Wow, again, you manage to read only the parts of the article that you like.
We shall see if it be bullets or if it be something less.
Worthless. It has to be the city of David in Judea to be in the running. Having Jews live somewhere just doesn't cut it.
Not worthless. True, the presence of Jews at that time period does not prove it to be the right place, but it makes it a *possible* place. Evidence is not all about single facts that prove the whole, it's building a case using various facts that are related to each other. For instance, if you wanted to prove that a guy murdered someone in a particular house, you have to start by showing that it's *possible*, by showing he has no alibi and was seen by no one else anywhere else at the time of the crime.
Also, it amuses me that you are calling all other evidence worthless, but the only thing you are basing your opinion on is a book you have read. Fun fact: the writers of the bible weren't there at the birth of christ
either.
Right...what evidence!!?? You think just saying it makes it so?
Of course not. And obviously, a bunch of people worshiping a place doesn't necessarily mean it's the right place (see: Bethlehem of Judea). However, what we have is one of the largest and earliest christian churches built right in the middle of a small jewish community that just happens to be named Bethlehem. If nothing else, it shows that the site was very important to early christians. Can you think of another reason for that?
Proof she rode it all on a donkey? And proof that people of that day had real trouble going more than 20 yards?? Ever hear of camels? Walking? Etc....
Camels would be much the same as a donkey, and walking would take even longer. Seven kilometers is a little less than five miles -- a day trip if you were riding or walking. 150 km is about 93 miles.
A camel caravan (probably the fastest option) can generally travel 25 miles in a day. That's a four day trip to B.o.T, and then another four days back. Would the Romans really run a census that required everyone to lose a week or more of productive work time in order to return to the cities of their great-great-somethingths ancestors? Or, does it make more sense that each region would have its own census center, probably within a day's journey of the towns surrounding it?
And why would a man drag his nine-months-pregnant wife on a week long camel/donkey trek when she could have just stayed at home?
Let's see that?
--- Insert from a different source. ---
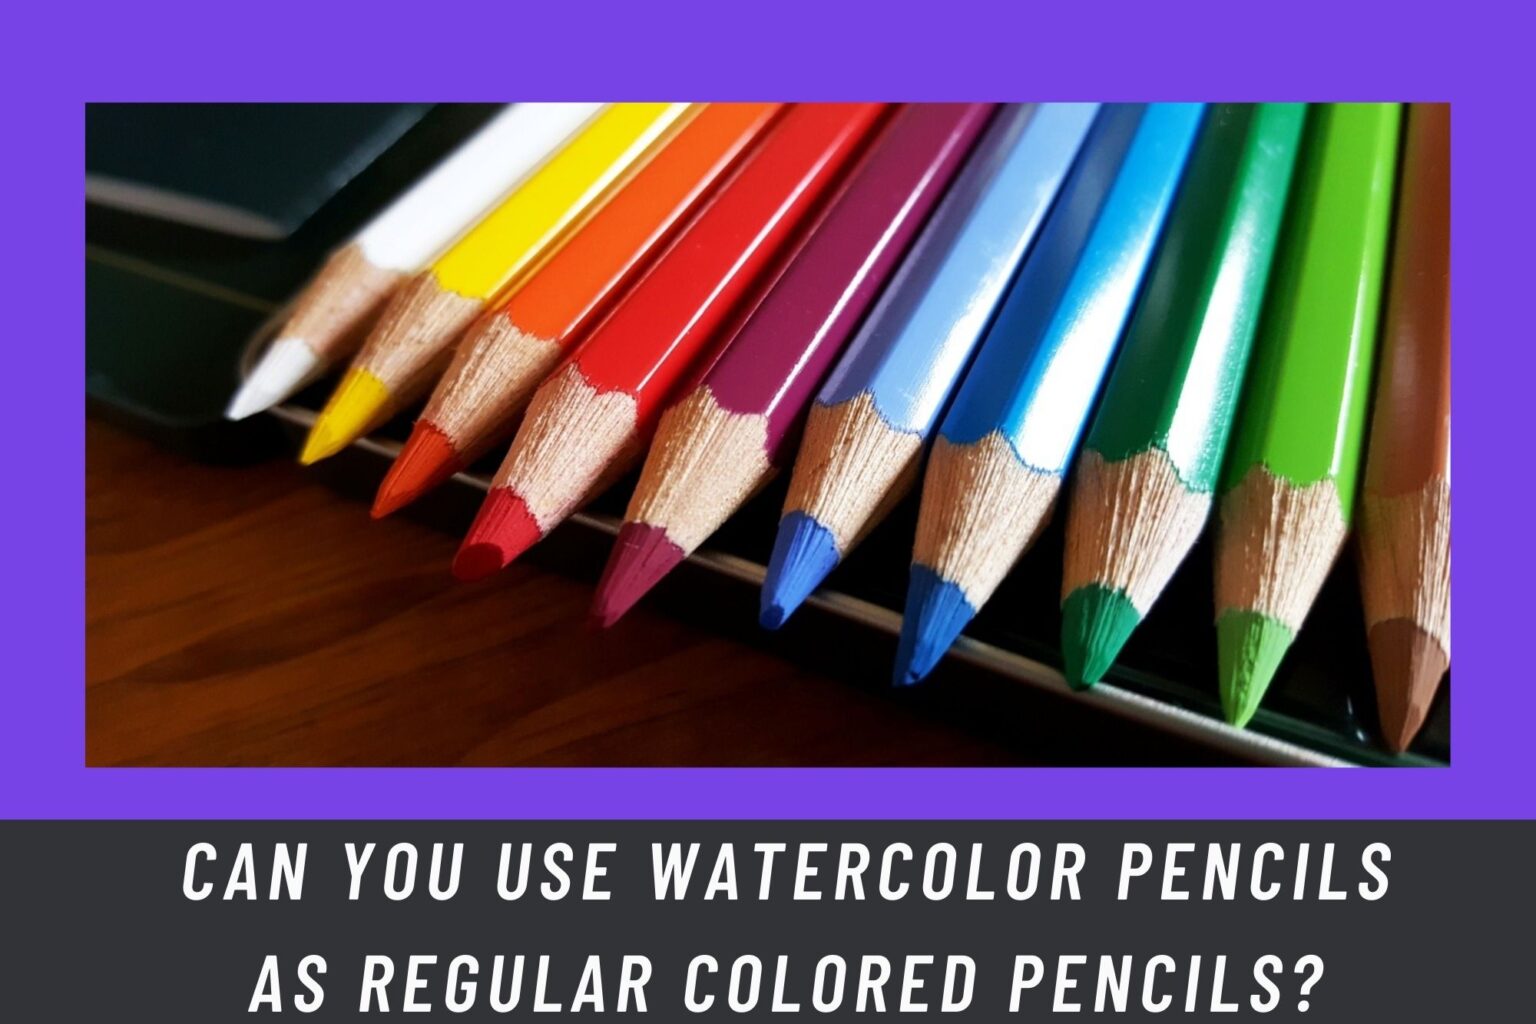 watercolor-pencils-as-regular-colored-pencils-everything-you-need-to-know-the-art-suppliers
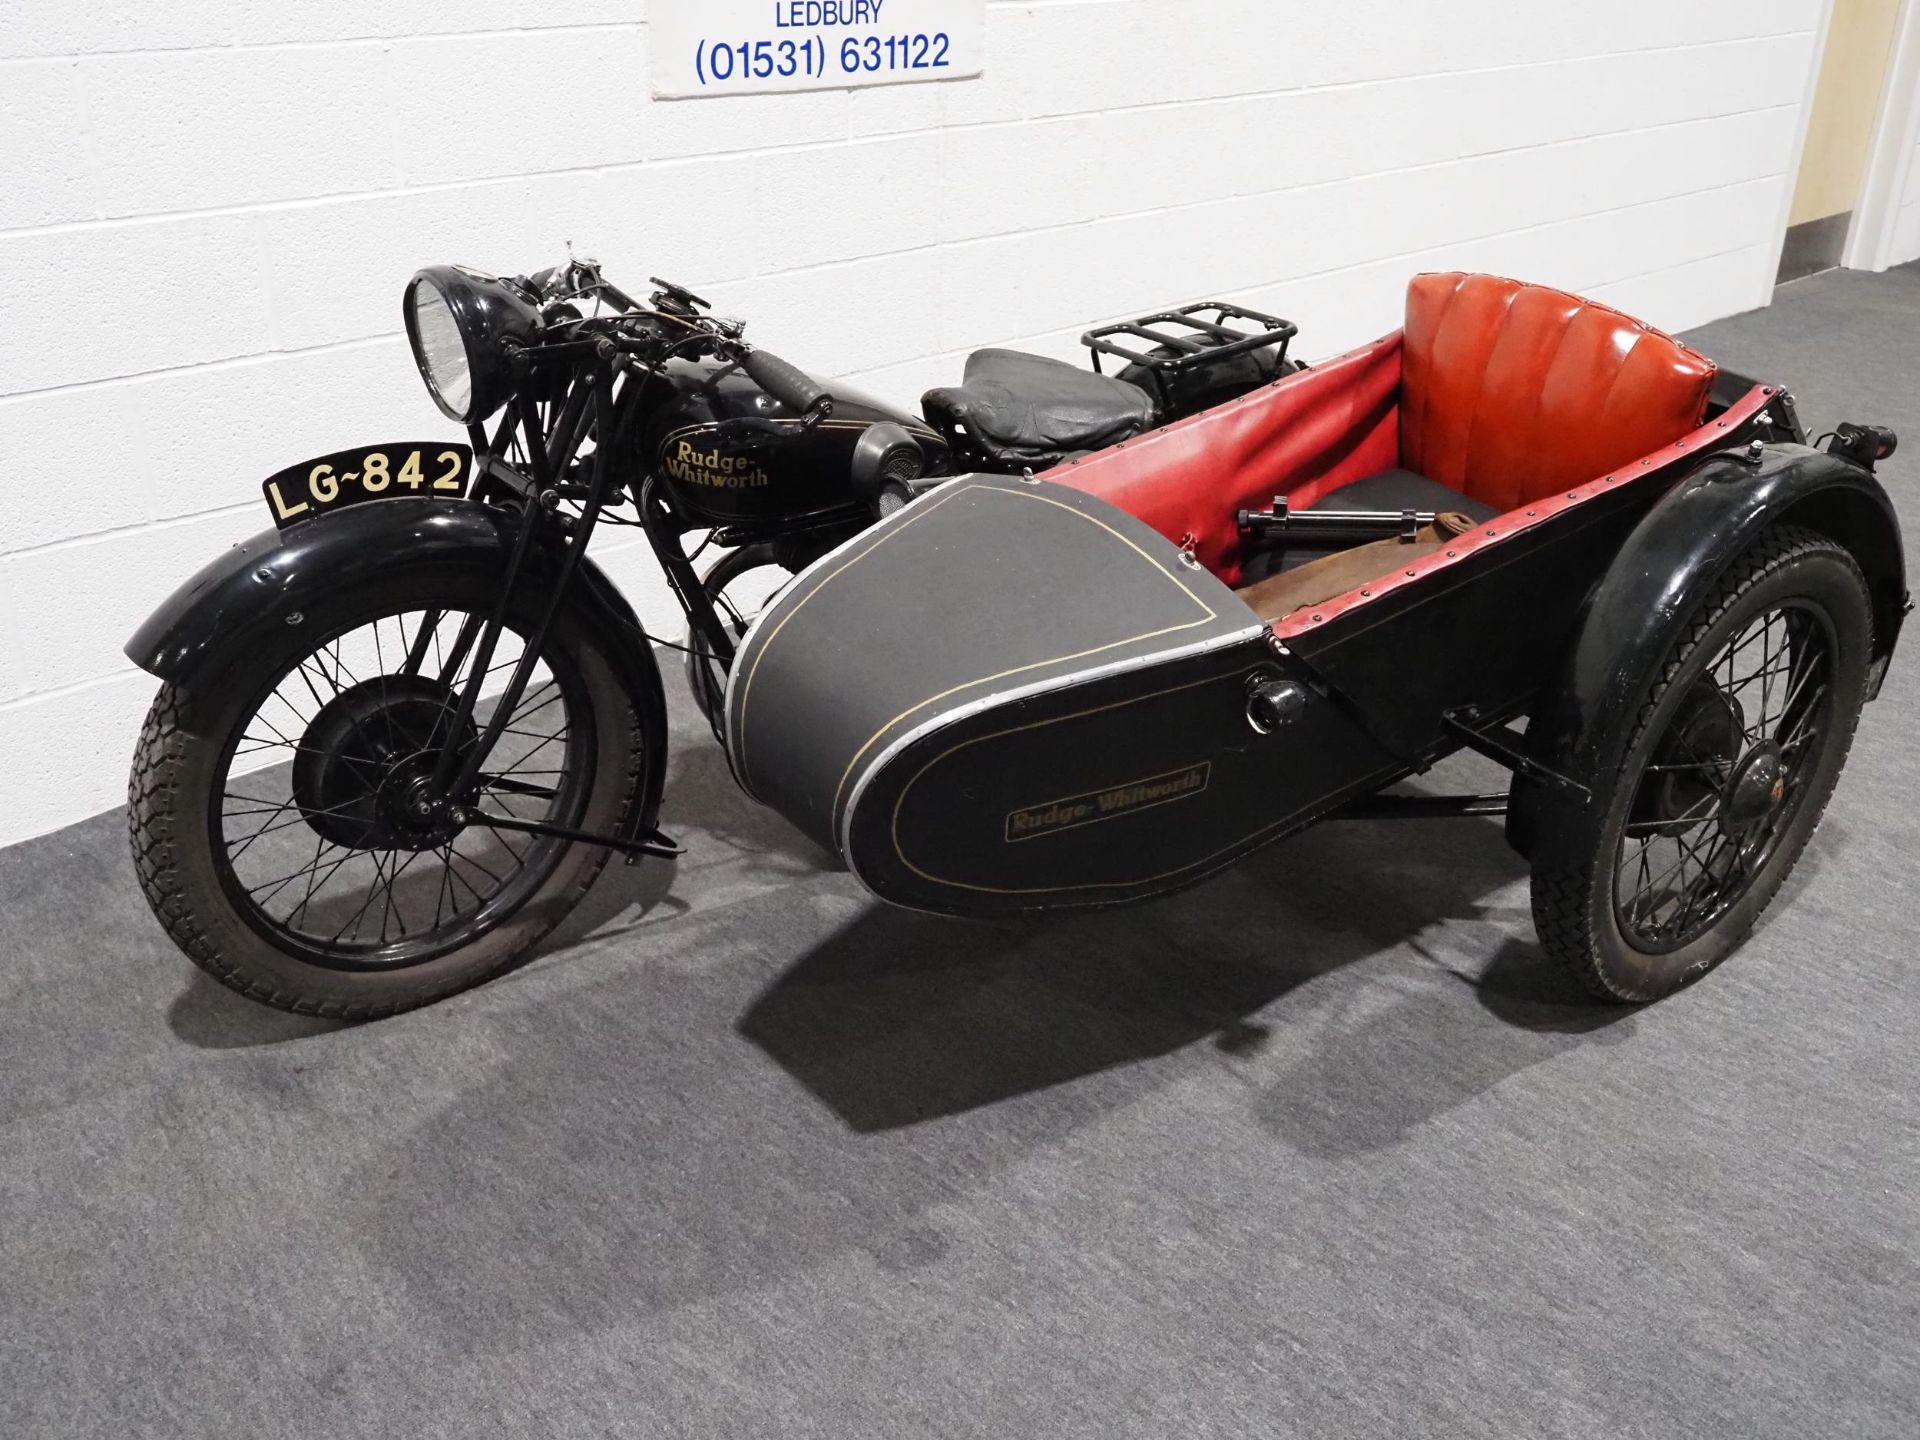 Rudge-Whitworth side car combination motorcycle. 499cc. 1929. Engine No. 408 Frame No. 30987 The - Image 12 of 14

Why talk as if you have something when you can't produce the goods?
"Studies of the town [Bethlehem of Judea] have turned up a great deal of Iron Age material from 1200 to 550 B.C. as well as material from the sixth century A.D., but nothing from the first century B.C. or the first century A.D."
This is probably the most damning evidence. Archaeologists have gotten pretty good at pinpointing layers of habitation throughout time. Each generation leaves their own mark on an area. The evidence shows that B.o.T. was inhabited up to five hundred years before Jesus's supposed birth, and as soon as six hundred years after, but that's a pretty huge gap of over a thousand years without any evidence of anybody living there.
More empty blab. Says who based on what exactly???
Says this scientist, based on all of the above. Granted, most of this evidence is circumstantial--you certainly couldn't convict on it--but the only thing you have to argue against it is 'Well someone else several hundred years ago said this city was the right one!'
Try facing reality before spouting unsupported conspiracy theories that are out of sync with Scripture and for which you cannot provide the slightest proof.
Do tell me which is more plausible: The romans require a bunch of jewish families to travel up to a hundred miles away from where they live to an
uninhabited place for a census, or some guy who was writing a story fudged the facts to make it fit better into an existing prophecy?
Just because it's blasphemy doesn't mean it isn't true.